Work order - Every line of the material below, from the top through the line with "thermostat alternateview.PNG", should be reproduced exactly.

Segment Open

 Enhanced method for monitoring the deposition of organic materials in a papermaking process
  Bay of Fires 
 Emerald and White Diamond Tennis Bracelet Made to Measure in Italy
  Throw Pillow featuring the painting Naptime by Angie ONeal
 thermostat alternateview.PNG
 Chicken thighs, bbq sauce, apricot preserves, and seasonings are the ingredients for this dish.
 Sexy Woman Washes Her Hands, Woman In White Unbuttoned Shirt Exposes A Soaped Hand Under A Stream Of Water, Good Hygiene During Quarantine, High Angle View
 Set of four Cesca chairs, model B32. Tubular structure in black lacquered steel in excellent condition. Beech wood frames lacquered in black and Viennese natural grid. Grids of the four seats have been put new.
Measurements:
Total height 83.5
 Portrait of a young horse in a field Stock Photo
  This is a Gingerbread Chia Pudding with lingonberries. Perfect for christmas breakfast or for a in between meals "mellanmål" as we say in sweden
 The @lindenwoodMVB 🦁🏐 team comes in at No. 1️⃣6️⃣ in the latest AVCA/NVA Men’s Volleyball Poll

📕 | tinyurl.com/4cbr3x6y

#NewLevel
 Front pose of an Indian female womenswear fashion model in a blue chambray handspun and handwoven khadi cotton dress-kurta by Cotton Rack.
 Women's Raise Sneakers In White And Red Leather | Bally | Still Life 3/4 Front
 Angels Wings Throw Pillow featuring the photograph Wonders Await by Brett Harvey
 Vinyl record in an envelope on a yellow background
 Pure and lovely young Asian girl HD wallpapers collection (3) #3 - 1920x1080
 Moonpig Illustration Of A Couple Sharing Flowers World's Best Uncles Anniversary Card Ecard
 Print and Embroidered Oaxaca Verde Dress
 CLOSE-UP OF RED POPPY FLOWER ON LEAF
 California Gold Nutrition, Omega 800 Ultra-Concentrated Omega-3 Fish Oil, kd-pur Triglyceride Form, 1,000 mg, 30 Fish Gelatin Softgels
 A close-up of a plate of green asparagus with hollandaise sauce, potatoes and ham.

Segment Closed

Your response -
 Enhanced method for monitoring the deposition of organic materials in a papermaking process
  Bay of Fires 
 Emerald and White Diamond Tennis Bracelet Made to Measure in Italy
  Throw Pillow featuring the painting Naptime by Angie ONeal
 thermostat alternateview.PNG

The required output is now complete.